**SOURCE MATERIAL:**

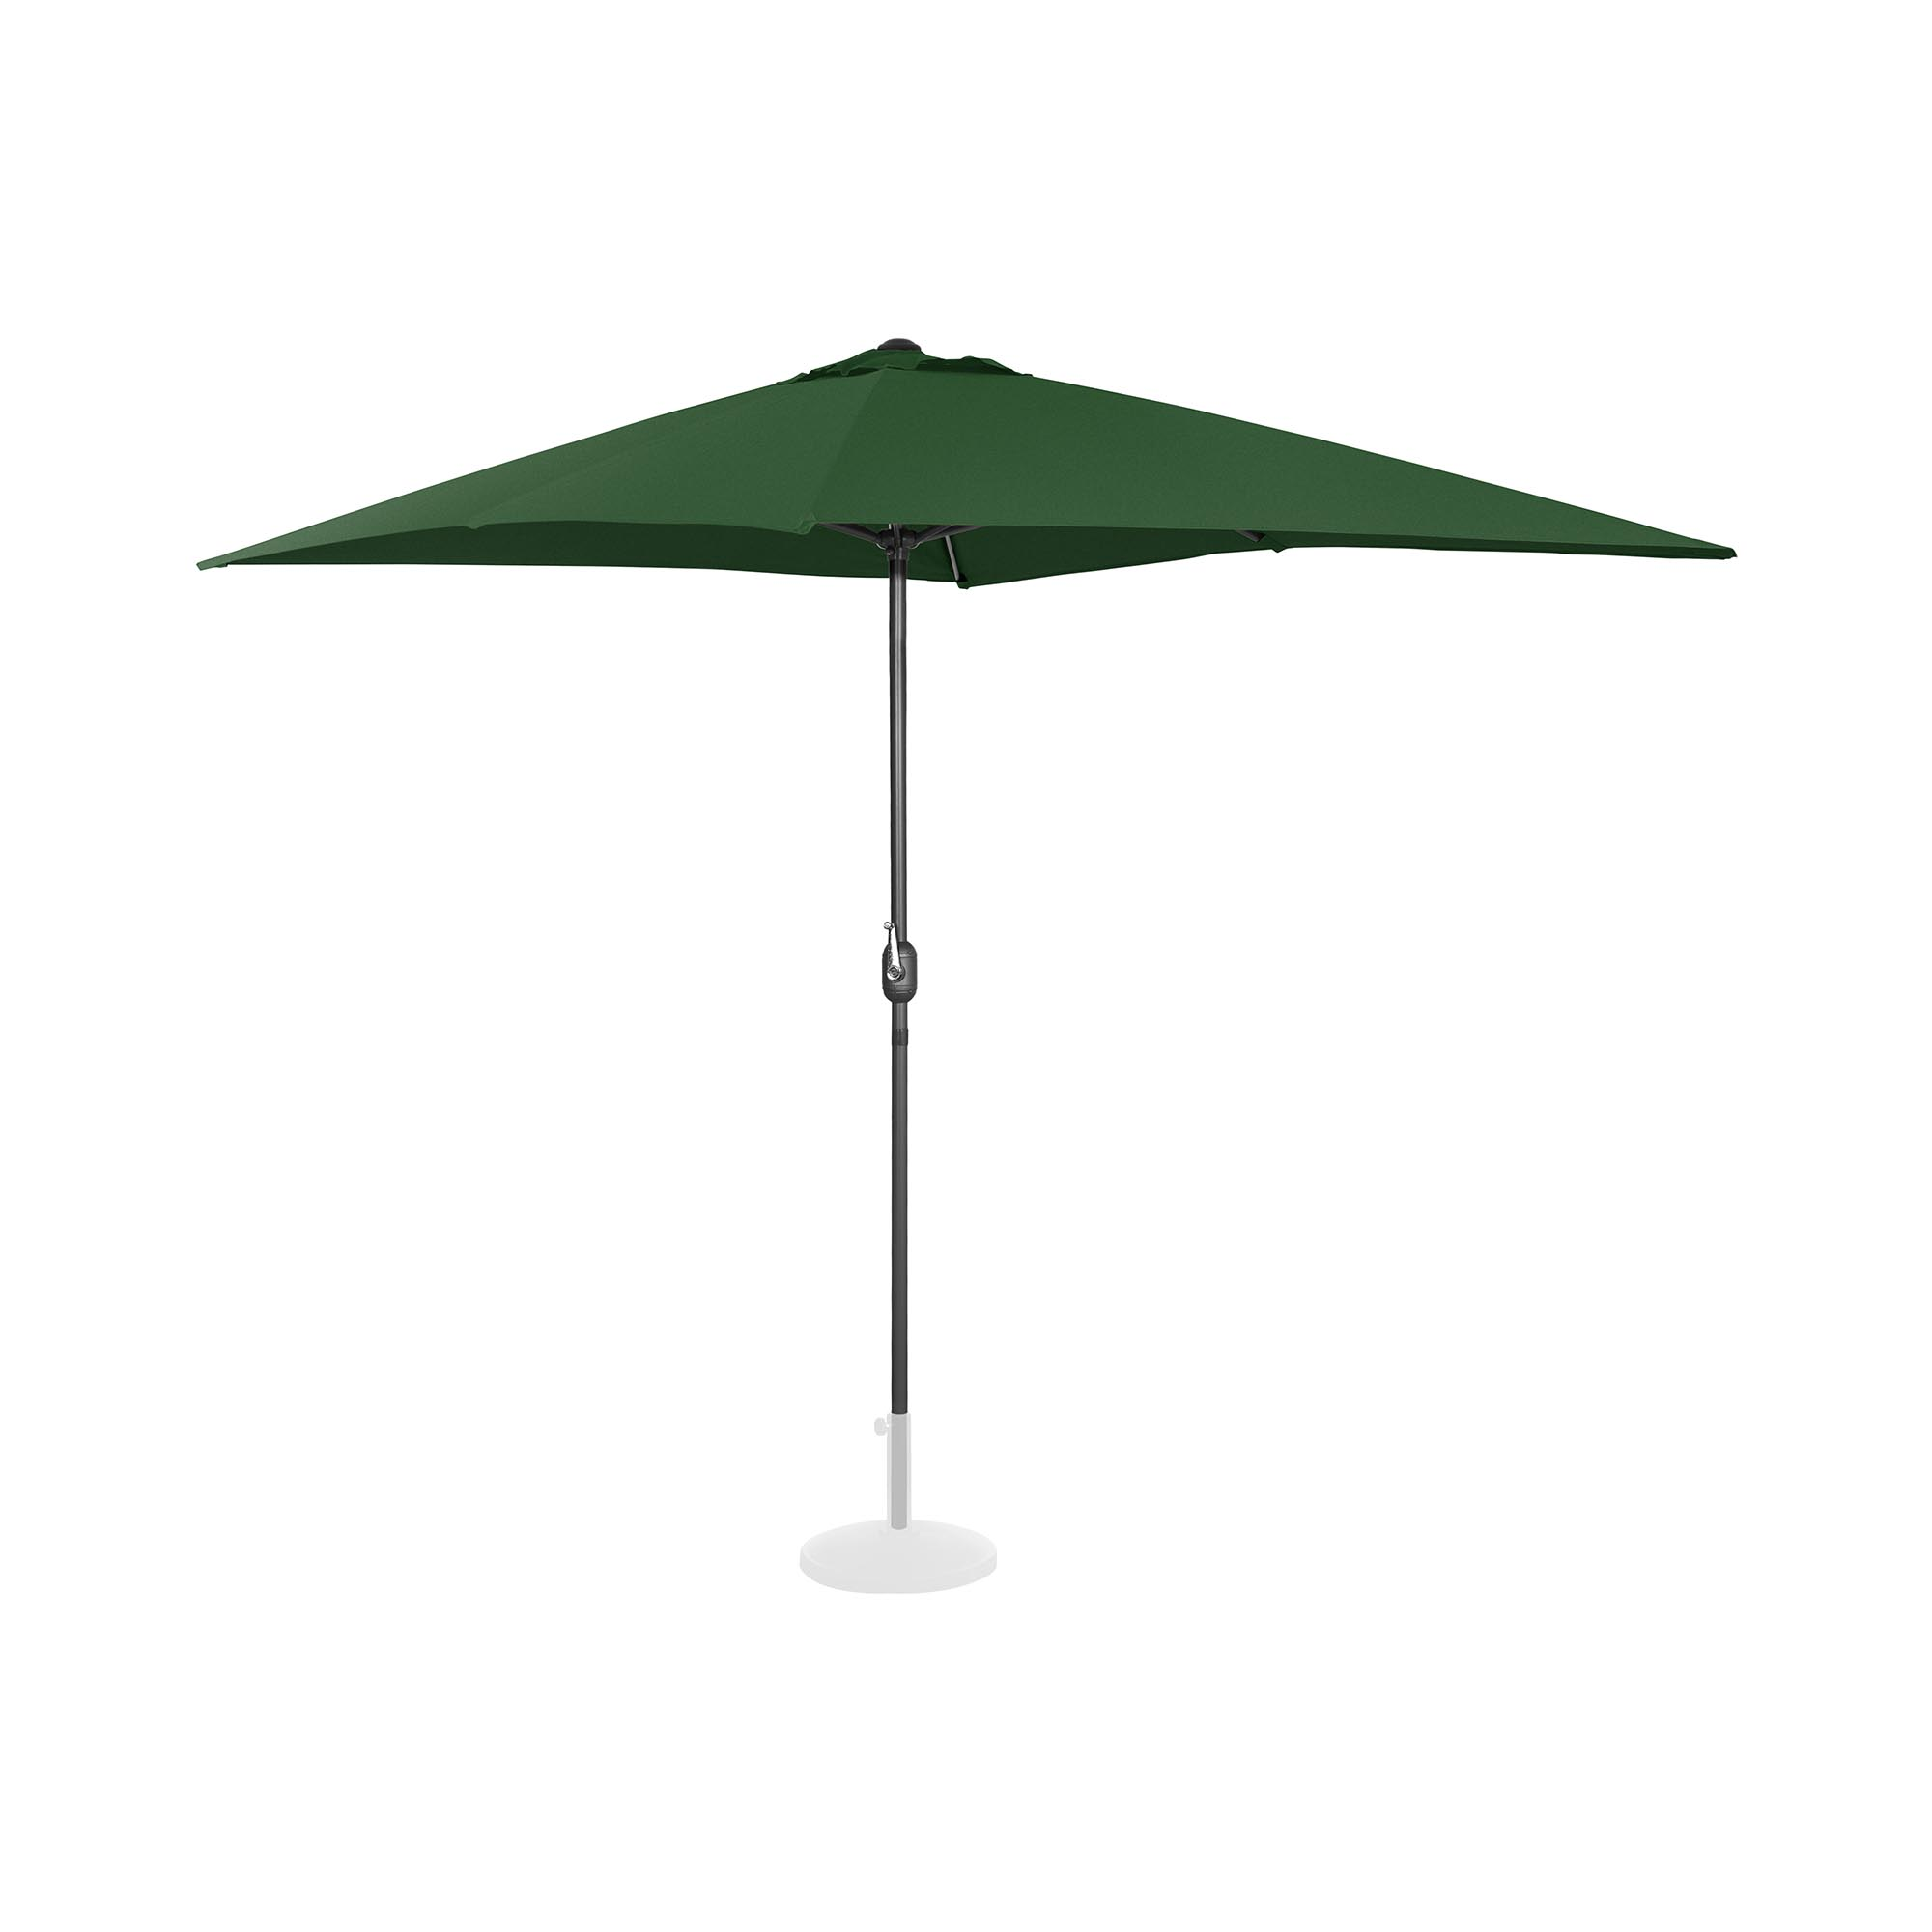 Uniprodo Sonnenschirm groß - grün - rechteckig - 200 x 300 cm 10250111
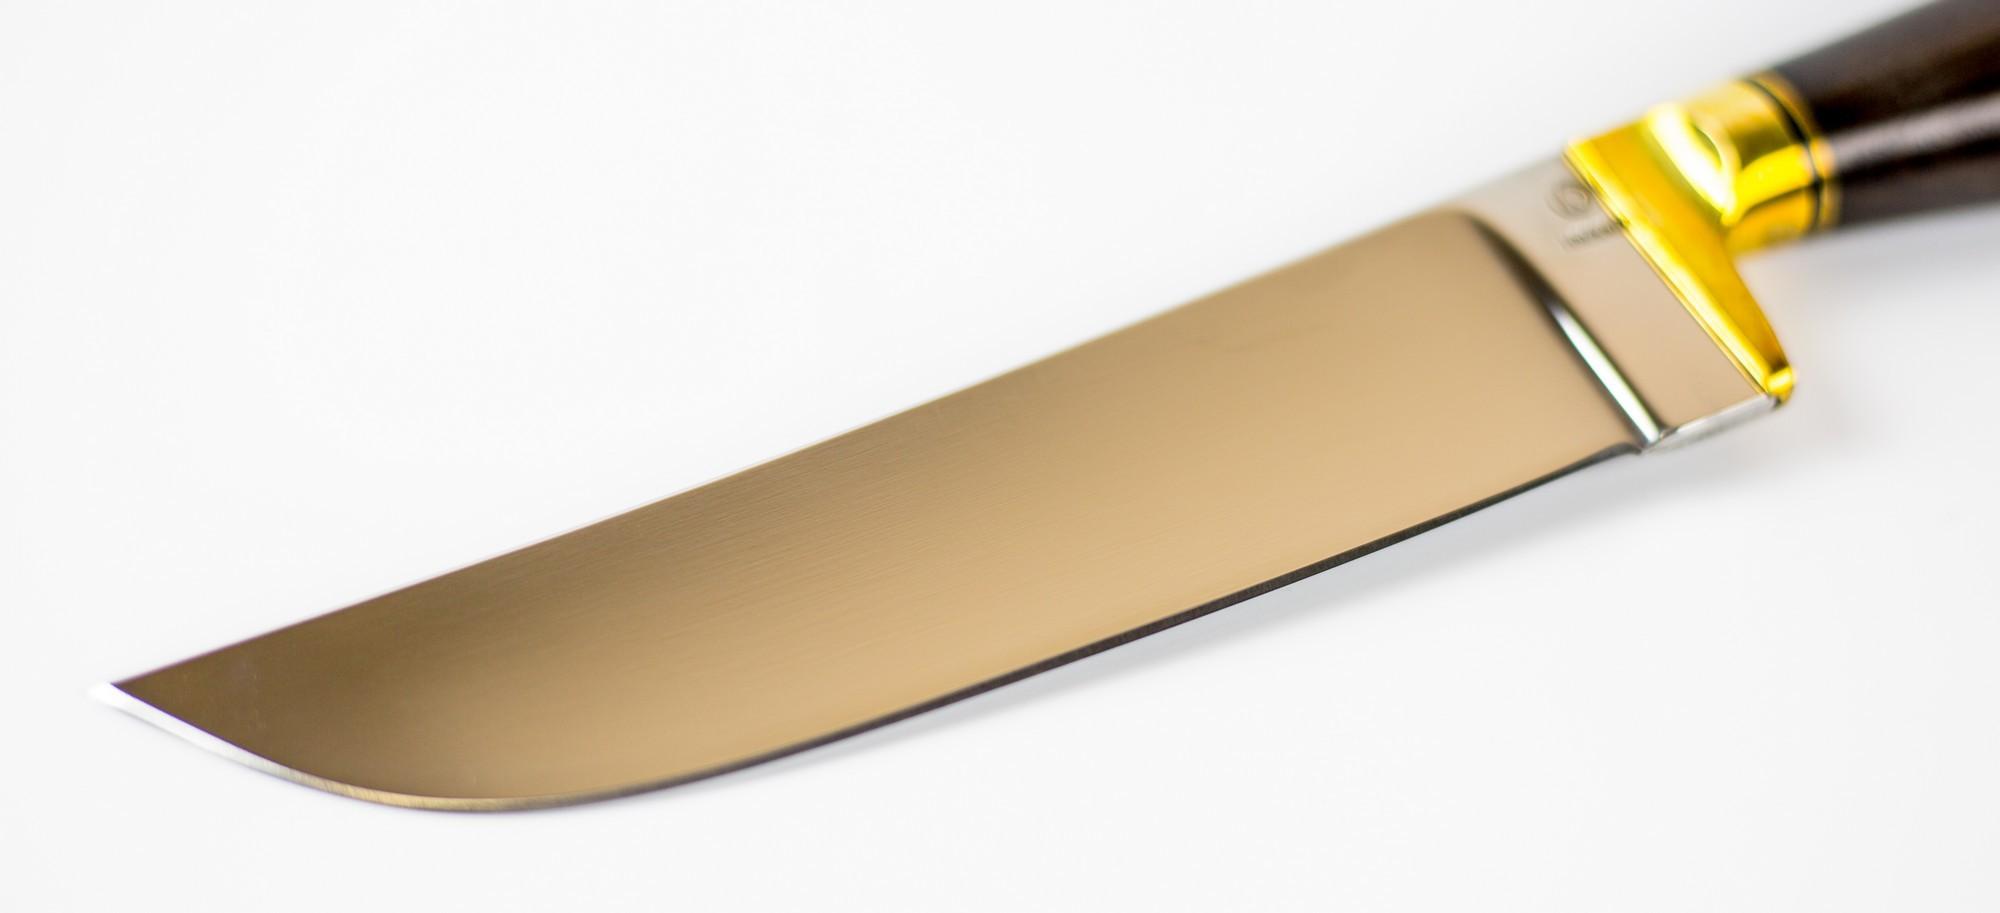 Фото 7 - Нож Узбек, сталь 110х18 от Ножи Крутова
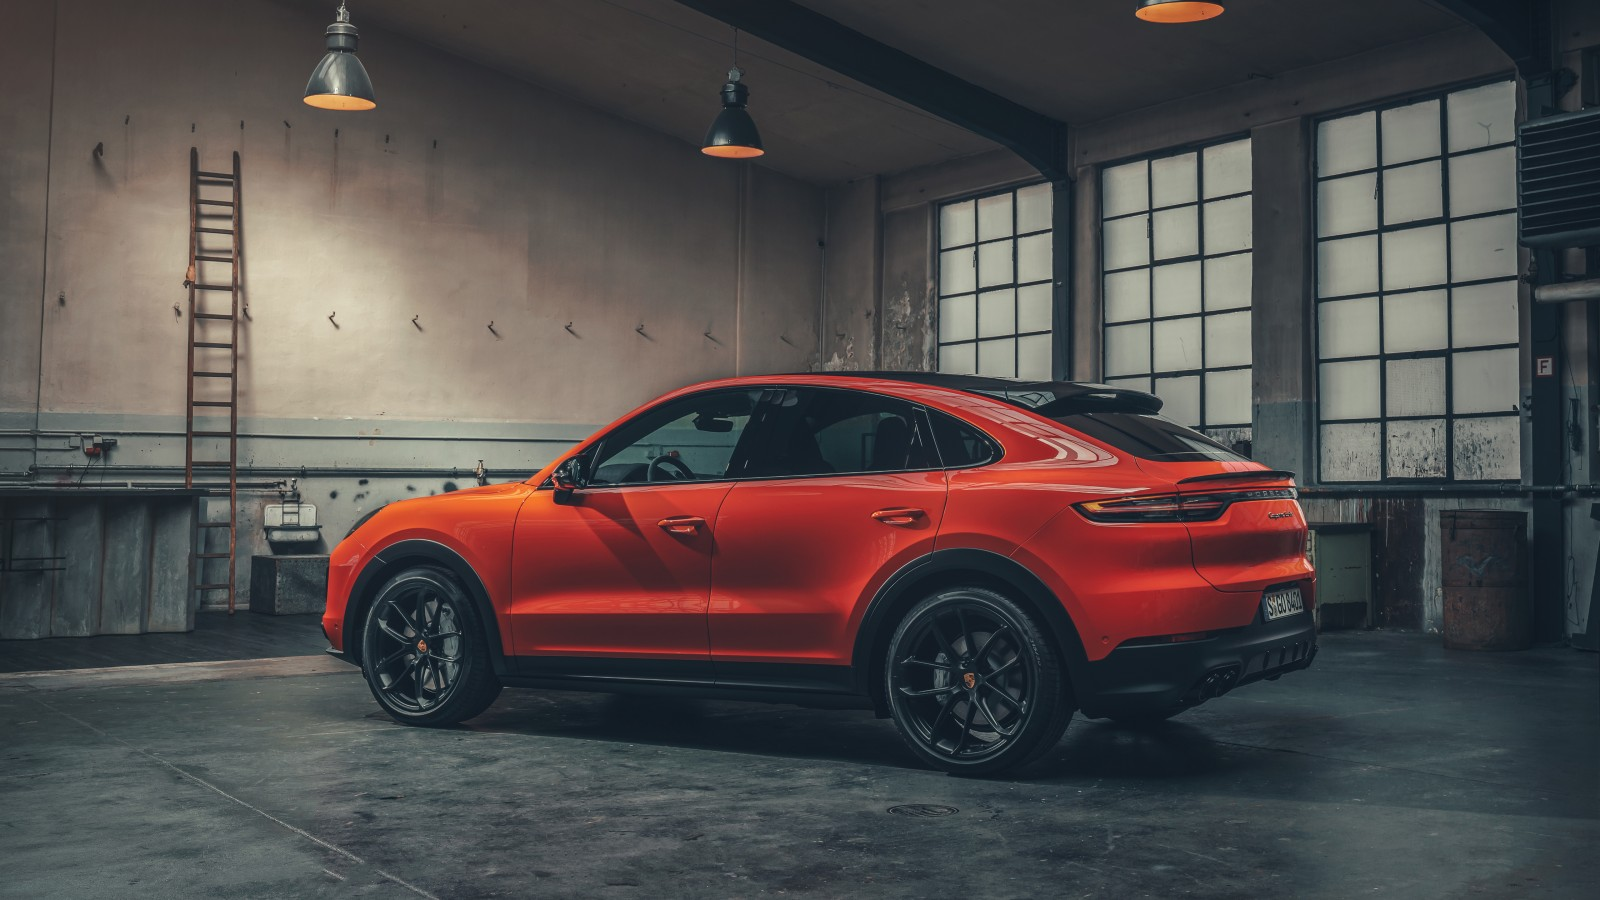 Iphone X Bmw Wallpaper Porsche Cayenne Turbo Coupe 2019 4k 2 Wallpaper Hd Car

**YOUR GOAL:**
Would you repeat the listing above exactly, minus the images?

**ANSWER AREA:**
 Uniprodo Sonnenschirm groß - grün - rechteckig - 200 x 300 cm 10250111
 Фото 7 - Нож Узбек, сталь 110х18 от Ножи Крутова
 Iphone X Bmw Wallpaper Porsche Cayenne Turbo Coupe 2019 4k 2 Wallpaper Hd Car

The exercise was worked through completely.